Confidence Score: 5/5

Safe to merge — this is an additive skeleton with no modifications to existing classes, comprehensive test coverage, and clean failure semantics for all three unimplemented backends.

The change introduces four new files (no existing code is touched). The constructor validation matrix is exhaustive and the execute/handle_event paths have well-defined failure modes: backends that fail to initialize cause an immediate system_panic rather than hanging; tasks dispatched without a backend get an EXECUTION_EXCEPTION reply. The 83-test suite pins the frozen constructor surface, both analytics fire paths, and UnsafeJobError propagation. The three open findings from prior review threads are minor type-normalization and internal-API design concerns that do not affect the skeleton's correctness.

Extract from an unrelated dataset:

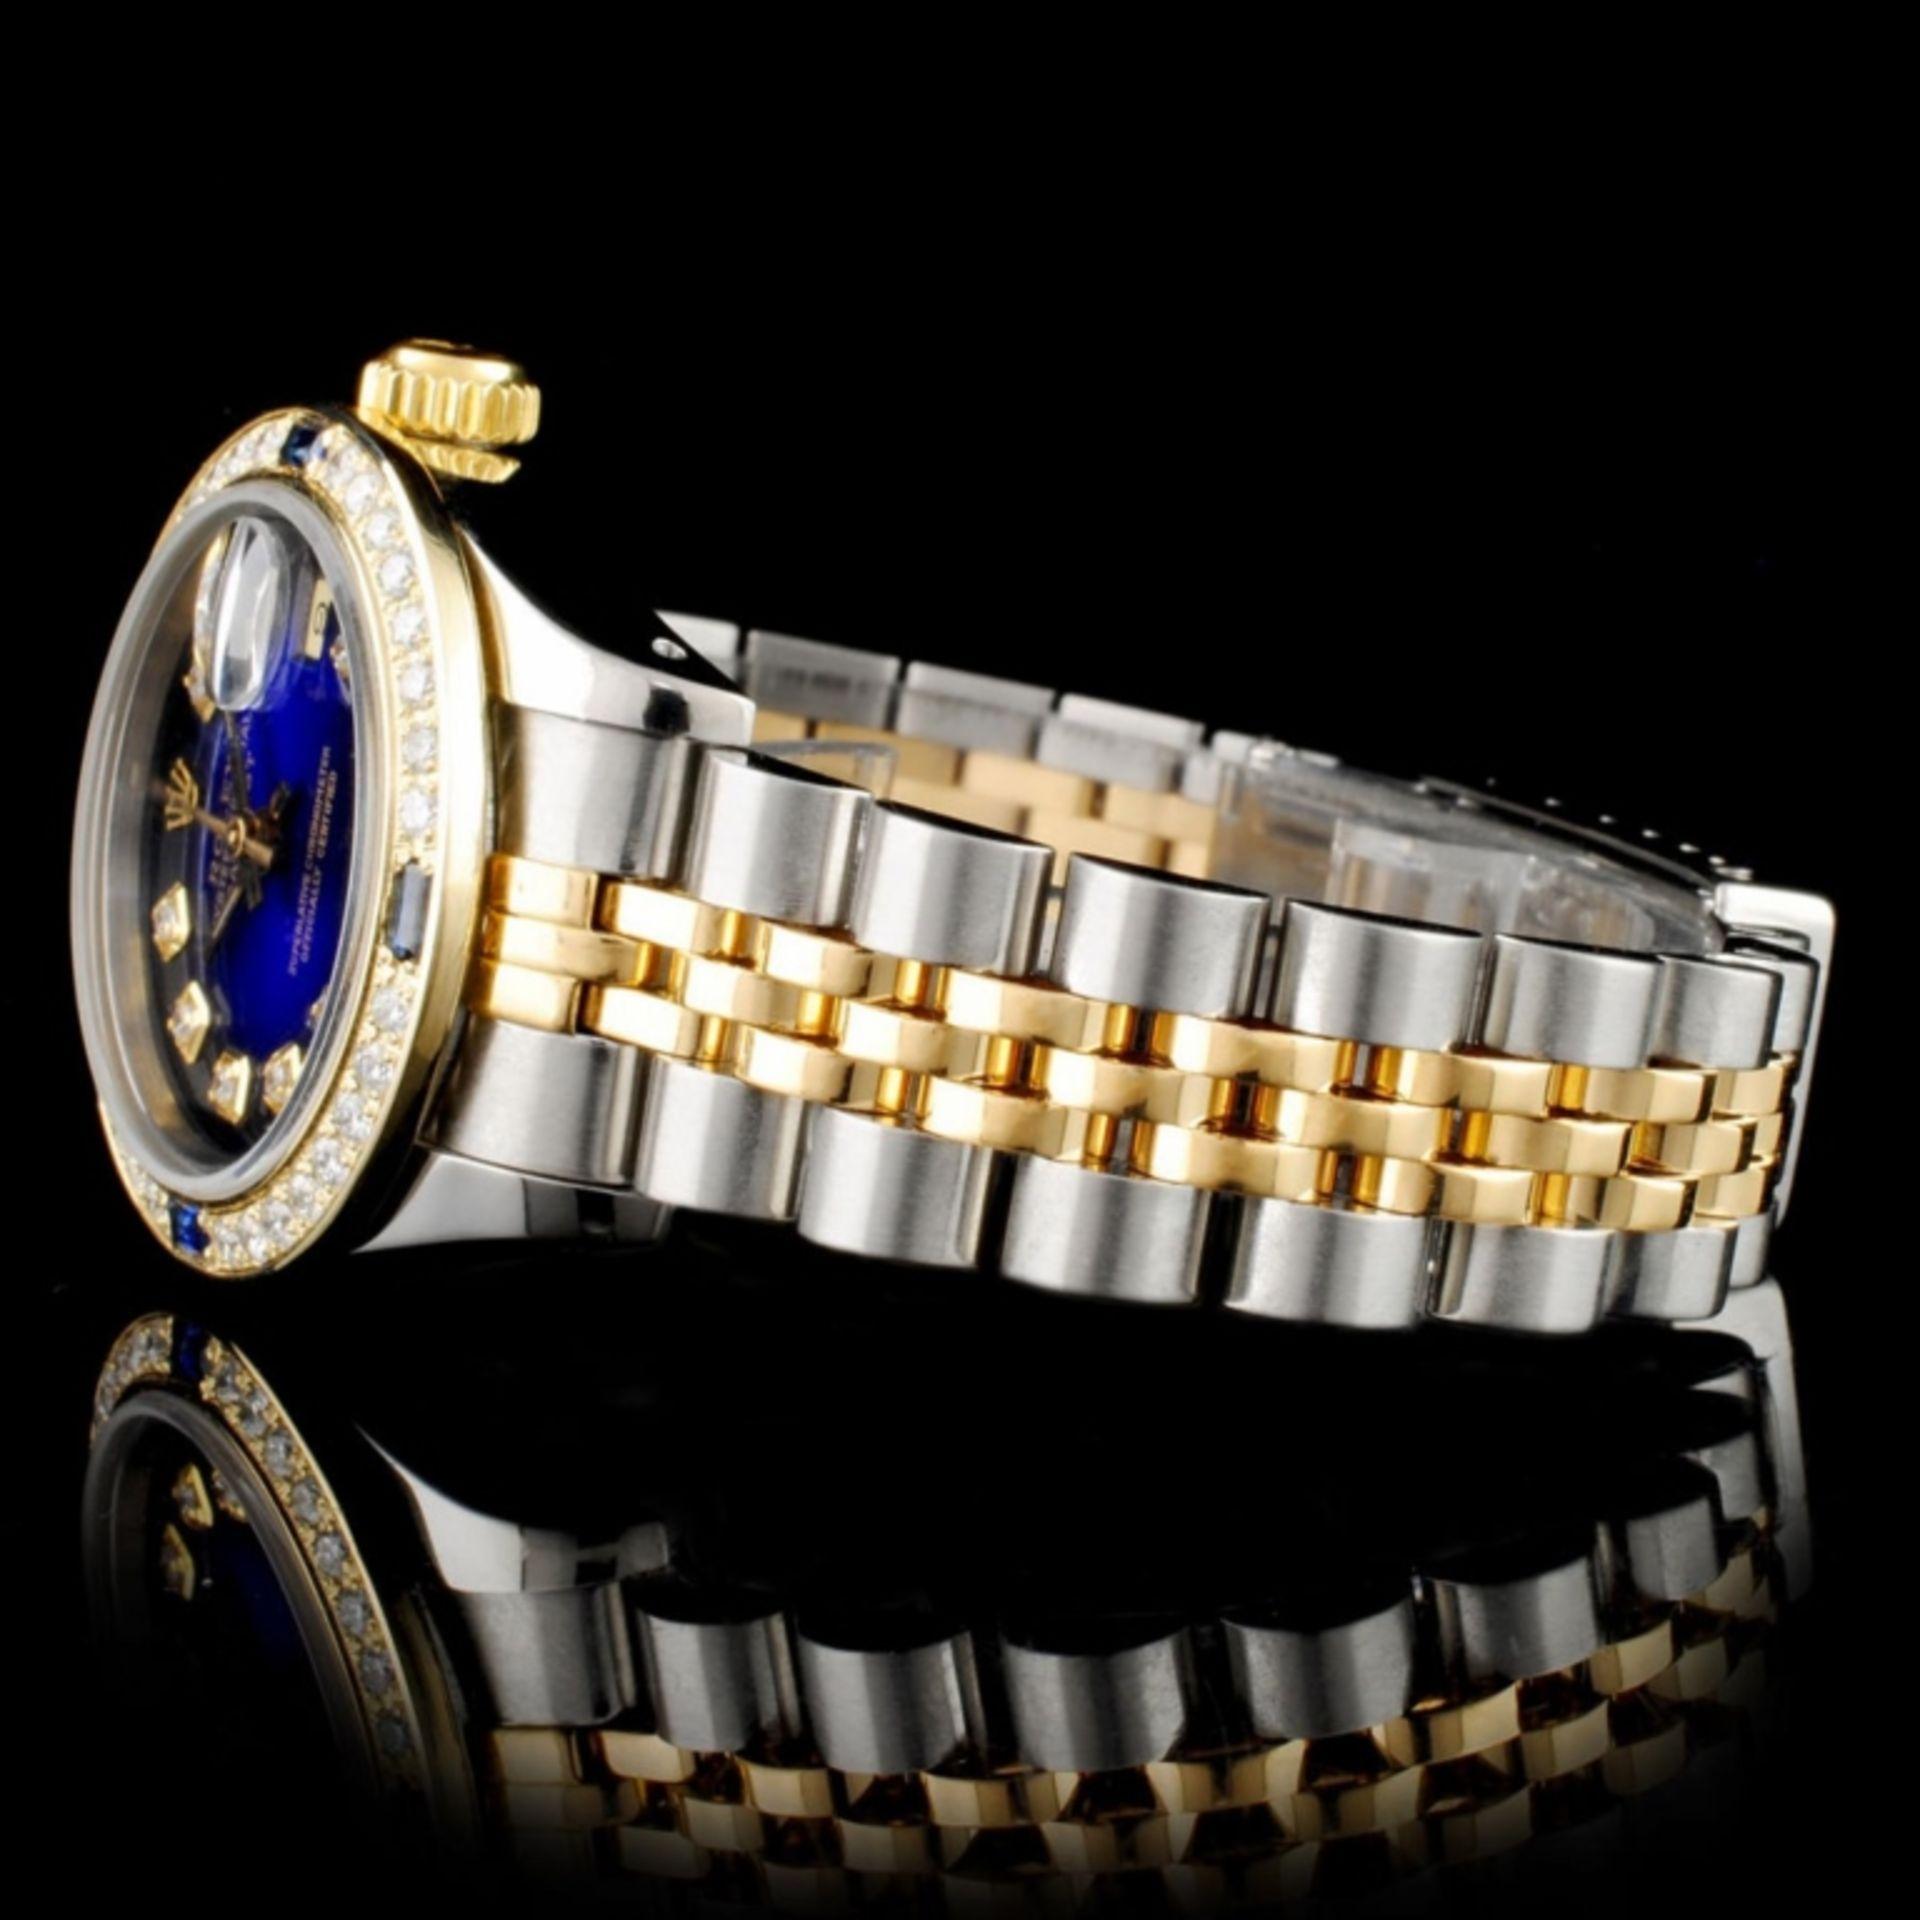 Rolex DateJust 18K & SS 1.00ct Diamond Blue Vignet - Image 6 of 8
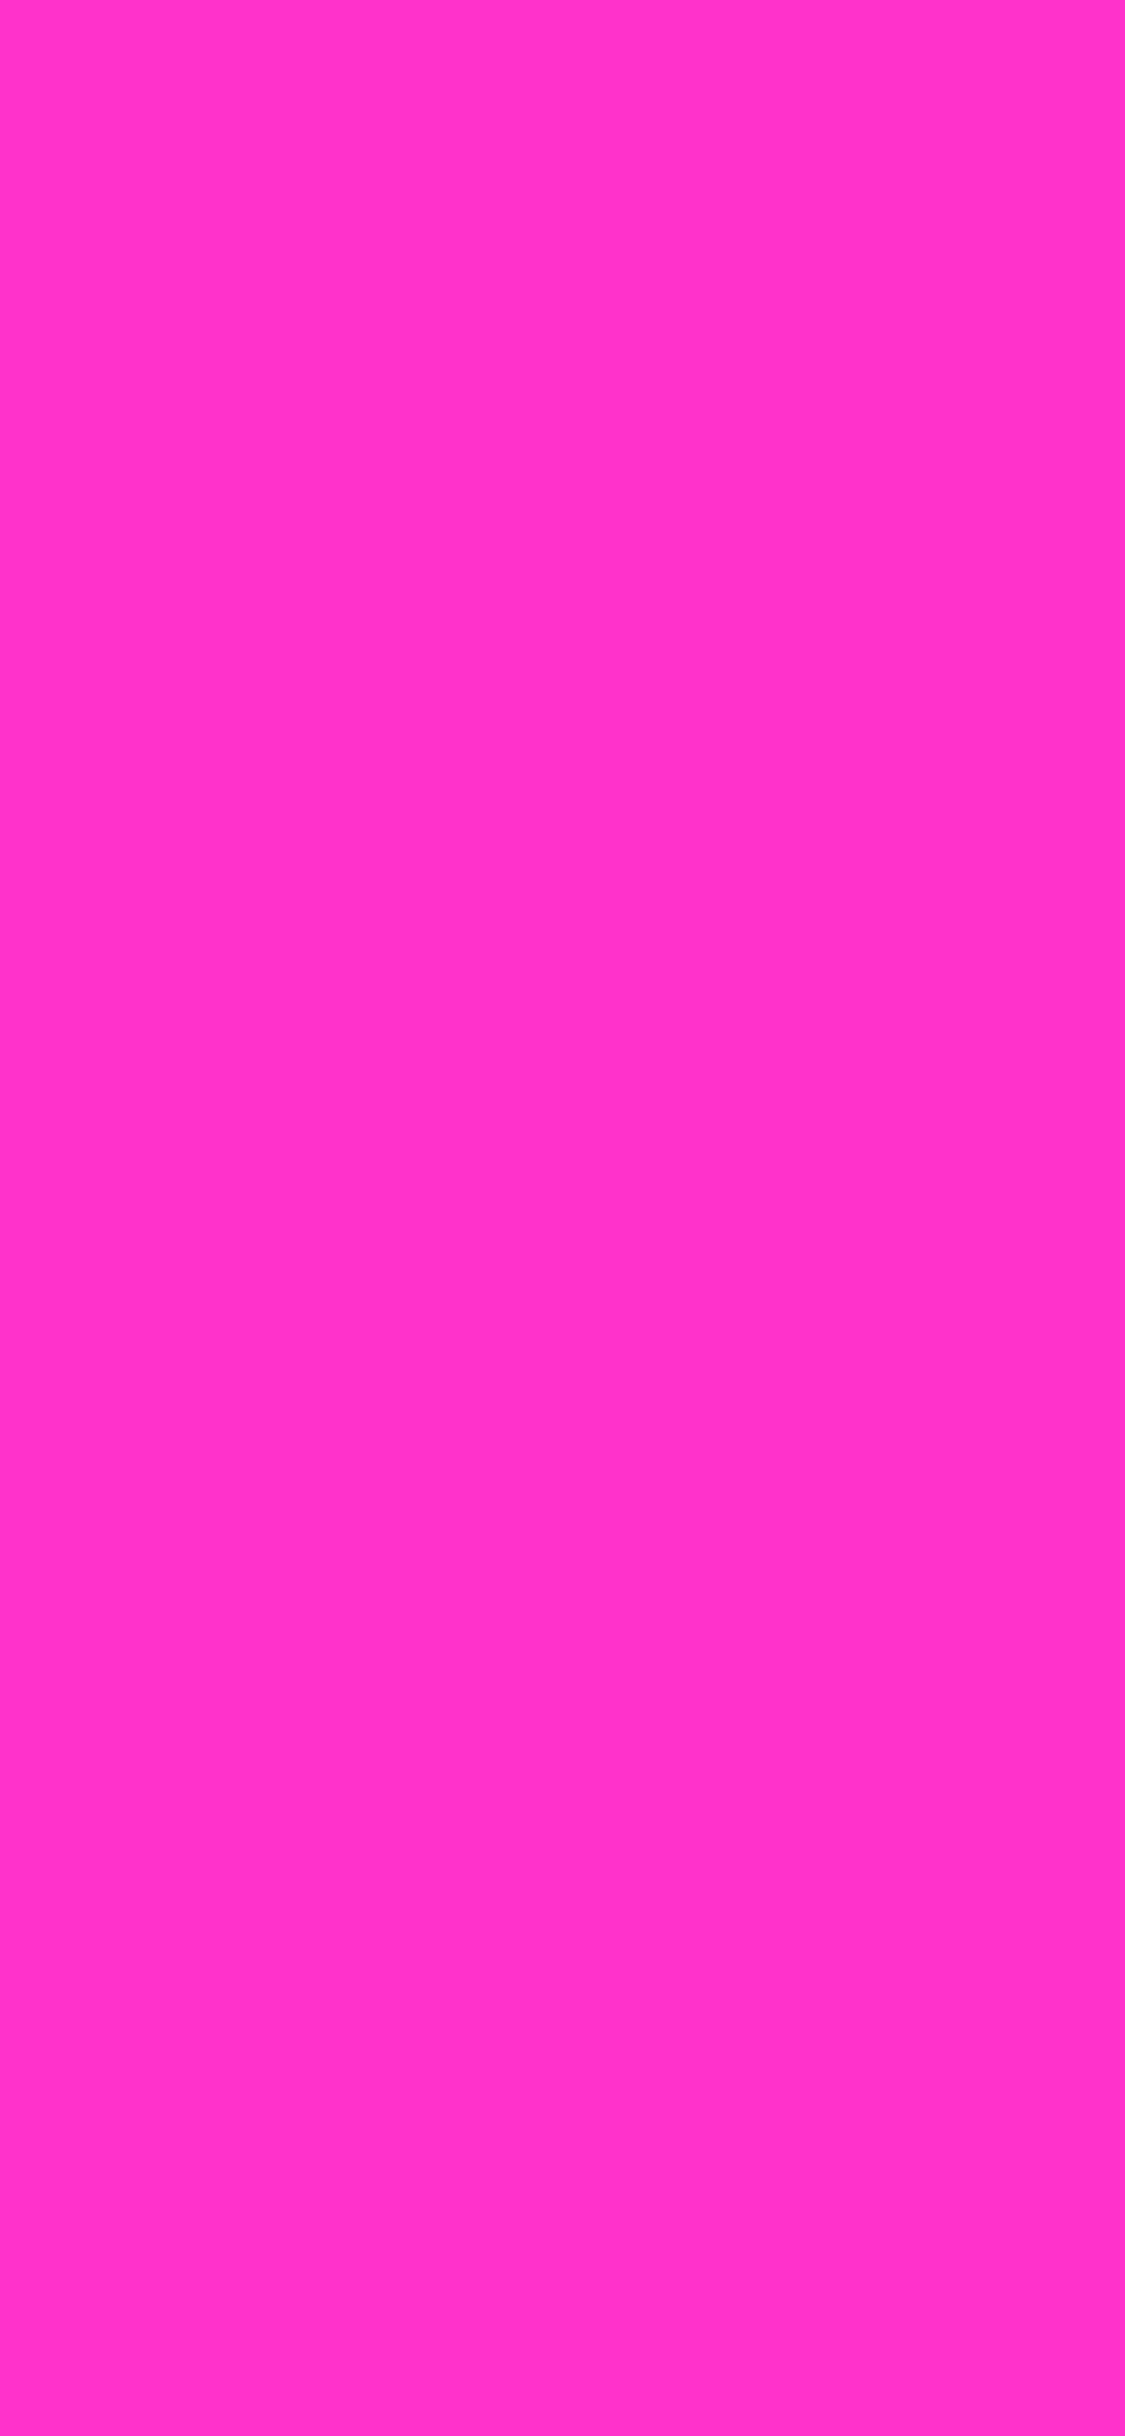 1125x2436 Razzle Dazzle Rose Solid Color Background

No files require special attention. The main executor file has a known double-call to _backend_registry() in the error path (flagged in a prior review thread) that is worth cleaning up when the first backend PR lands.

Important Files Changed

Filename Overview
nvflare/app_common/executors/client_api/init.py New package init, intentionally empty — the module is internal-only and backend_spec is imported by fully-qualified path.
nvflare/app_common/executors/client_api/backend_spec.py Introduces ClientAPIBackendContext (frozen dataclass) and ClientAPIBackendSpec (ABC). TYPE_CHECKING-guarded import correctly avoids the circular dependency with client_api_executor at runtime. Lifecycle contracts are thoroughly documented, including the self-unwind requirement on initialize().
nvflare/app_common/executors/client_api_executor.py New ClientAPIExecutor with full mode-scoped validation, analytics ownership via fire_log_analytics(), correct UnsafeJobError propagation, and clean system_panic-on-unimplemented dispatch. The _backend_registry() double-call in the error-message path (already noted in prior review) is the only structural rough edge.
tests/unit_test/app_common/executors/client_api_executor_test.py 83-test suite covers the full validation matrix, per-mode panic dispatch, backend lifecycle plumbing, both analytics fire paths, UnsafeJobError propagation, and a surface-freeze test pinning all 25 constructor args and defaults. Coverage is comprehensive for a skeleton.

Sequence Diagram

%%{init: {'theme': 'neutral'}}%%
sequenceDiagram
    participant FR as NVFlare Framework
    participant EX as ClientAPIExecutor
    participant BE as ClientAPIBackendSpec

    FR->>EX: handle_event(START_RUN)
    EX->>EX: super().handle_event(START_RUN)
    EX->>EX: _create_backend()
    alt NotImplementedError
        EX->>FR: system_panic(mode not yet implemented)
    else initialize raises
        EX->>BE: initialize(ClientAPIBackendContext, fl_ctx)
        BE-->>EX: raises
        EX->>FR: system_panic(initialization failed)
    else success
        EX->>BE: initialize(ClientAPIBackendContext, fl_ctx)
        BE-->>EX: ok
    end

    loop Per task
        FR->>EX: execute(task_name, shareable, fl_ctx, signal)
        alt backend is None
            EX-->>FR: make_reply(EXECUTION_EXCEPTION)
        else UnsafeJobError
            EX->>BE: execute(task_name, shareable, fl_ctx, signal)
            BE-->>EX: UnsafeJobError
            EX-->>FR: UnsafeJobError propagated
        else backend exception or bad result
            EX->>BE: execute(task_name, shareable, fl_ctx, signal)
            BE-->>EX: exception or non-Shareable
            EX-->>FR: make_reply(EXECUTION_EXCEPTION)
        else success
            EX->>BE: execute(task_name, shareable, fl_ctx, signal)
            BE-->>EX: result Shareable
            EX-->>FR: result Shareable
        end
    end

    FR->>EX: handle_event(OTHER_EVENT)
    EX->>BE: handle_event(OTHER_EVENT, fl_ctx)
    EX->>EX: super().handle_event(OTHER_EVENT)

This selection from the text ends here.